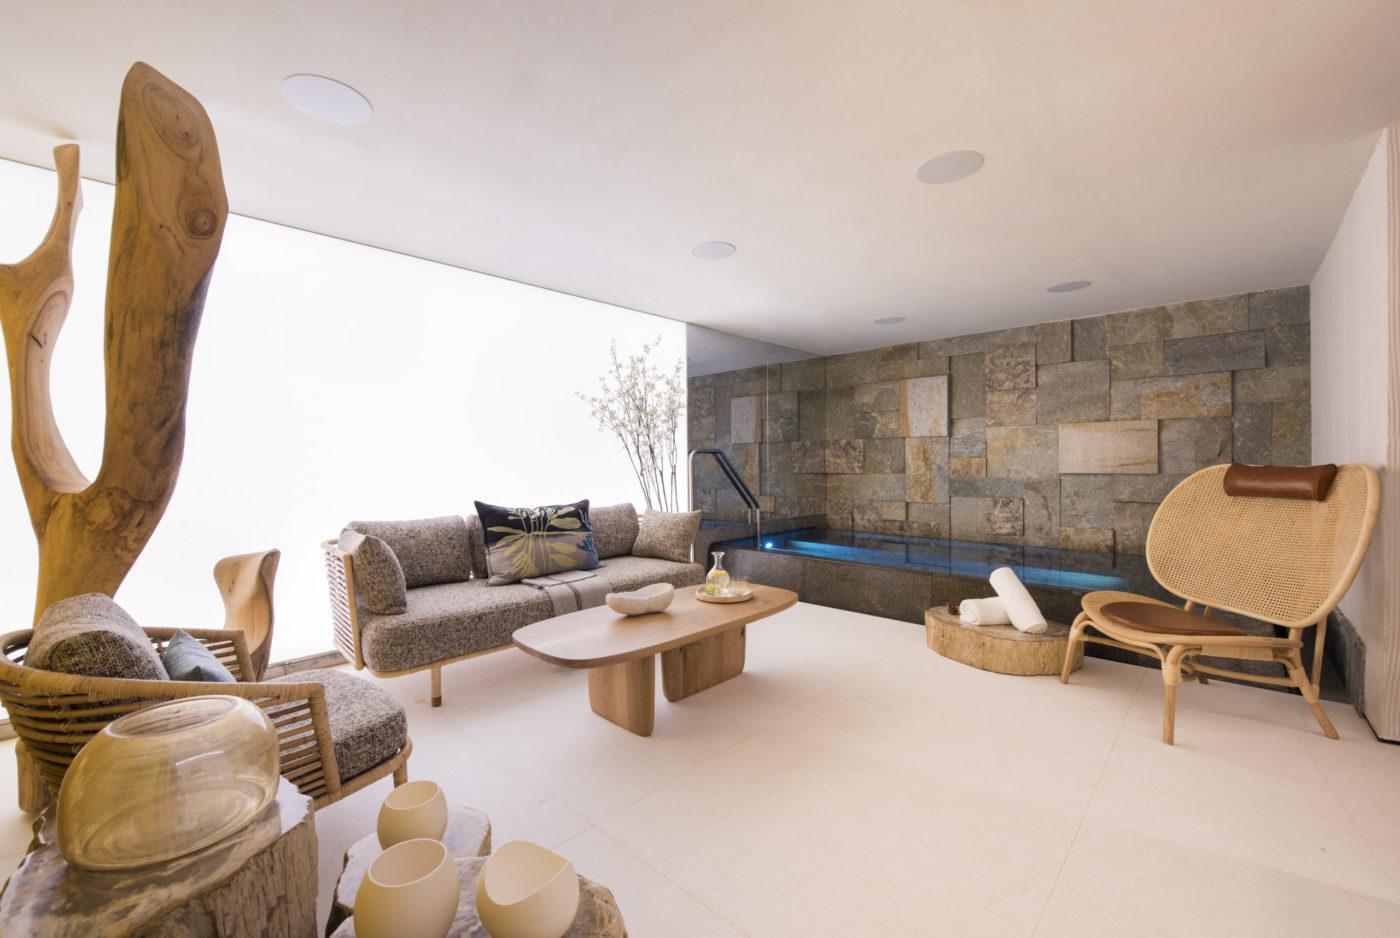 www.finest-holidays.com Chalet Denali, Zermatt, Valais, Switzerland
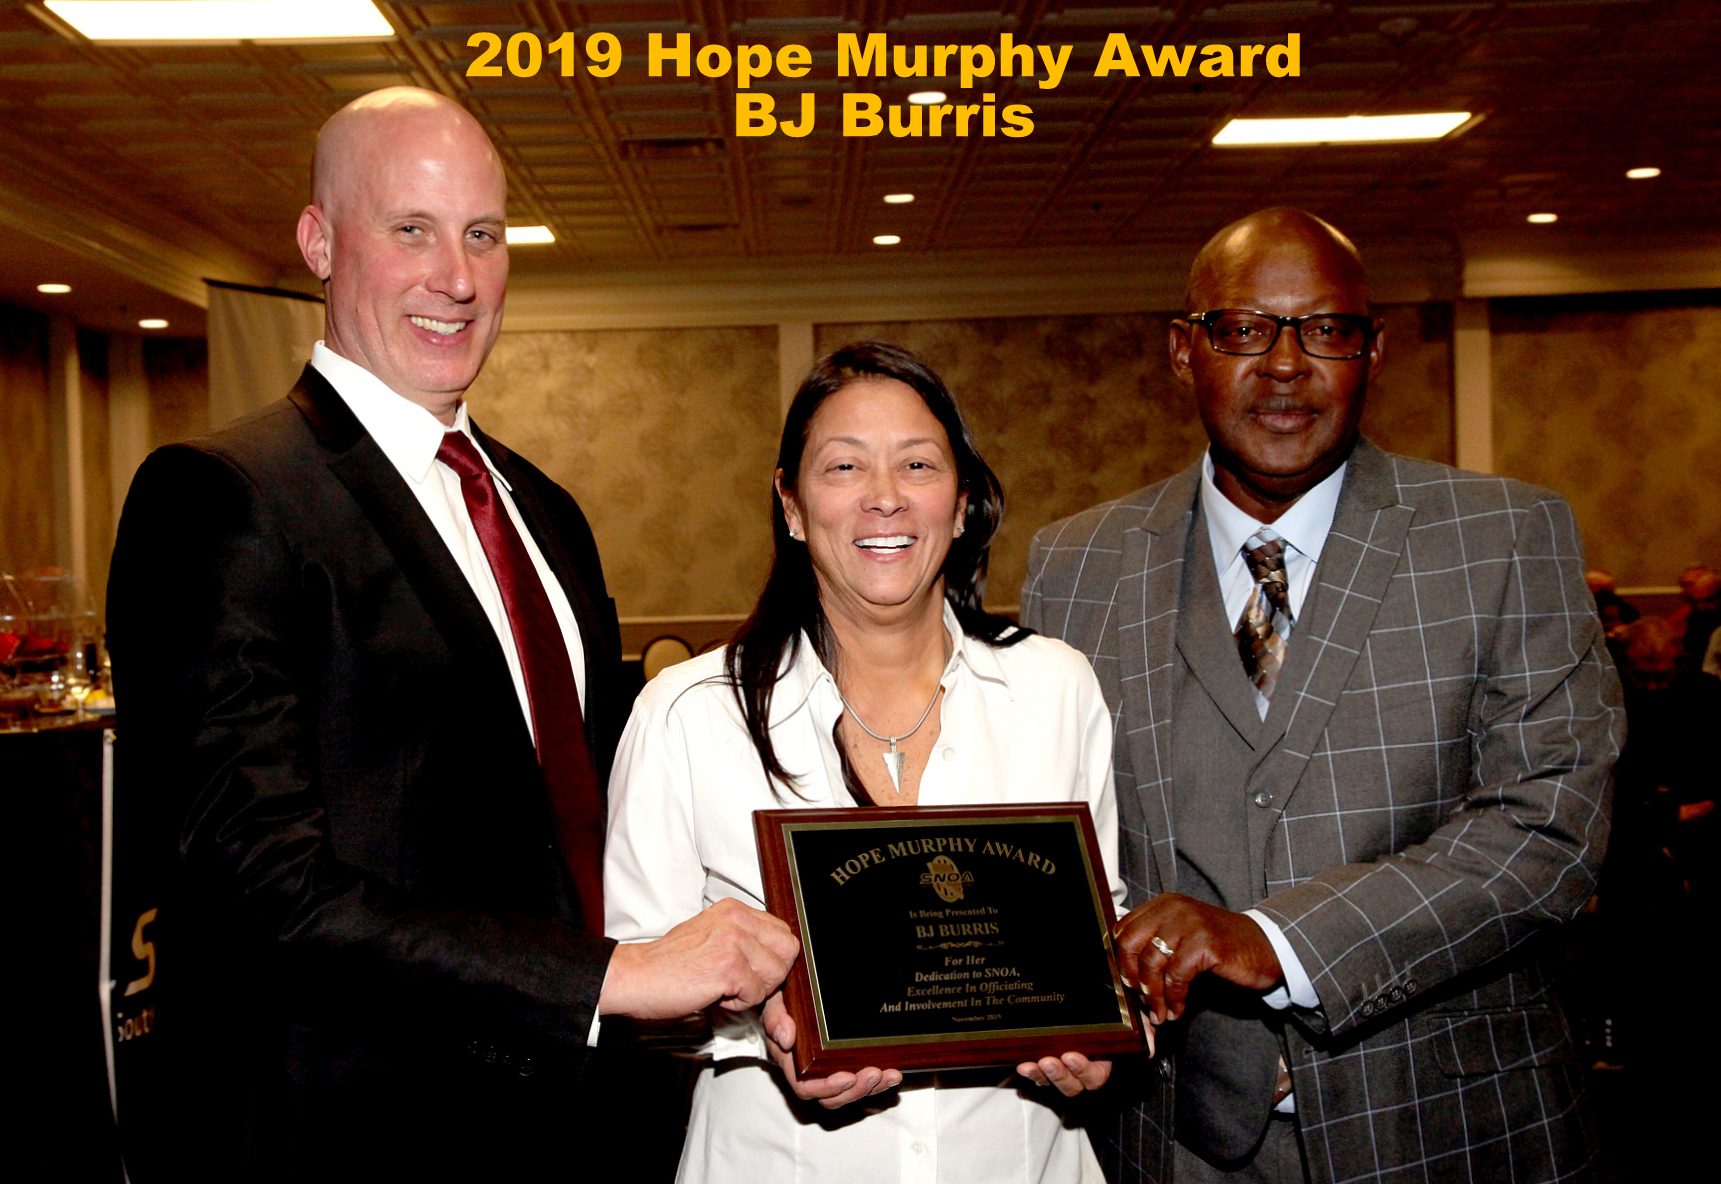 2019 Hope Murphy Award
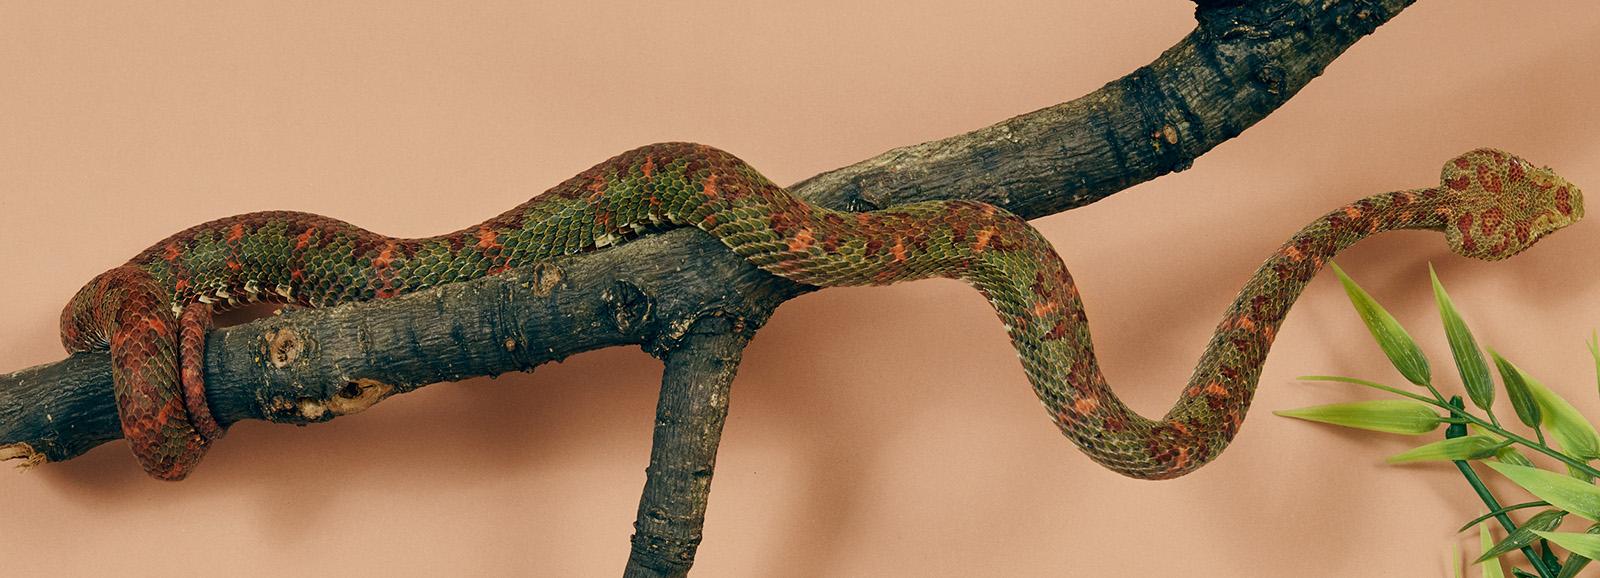 Snake coiled around branch of wood. (Image: Nick Ballon)

──────────────────────────────

- Your assignment:
From the first line of the material to the last, retype everything exactly except the images.

- Expected answer:
 www.finest-holidays.com Chalet Denali, Zermatt, Valais, Switzerland
 2019 Hope Murphy Award
 Snake coiled around branch of wood. (Image: Nick Ballon)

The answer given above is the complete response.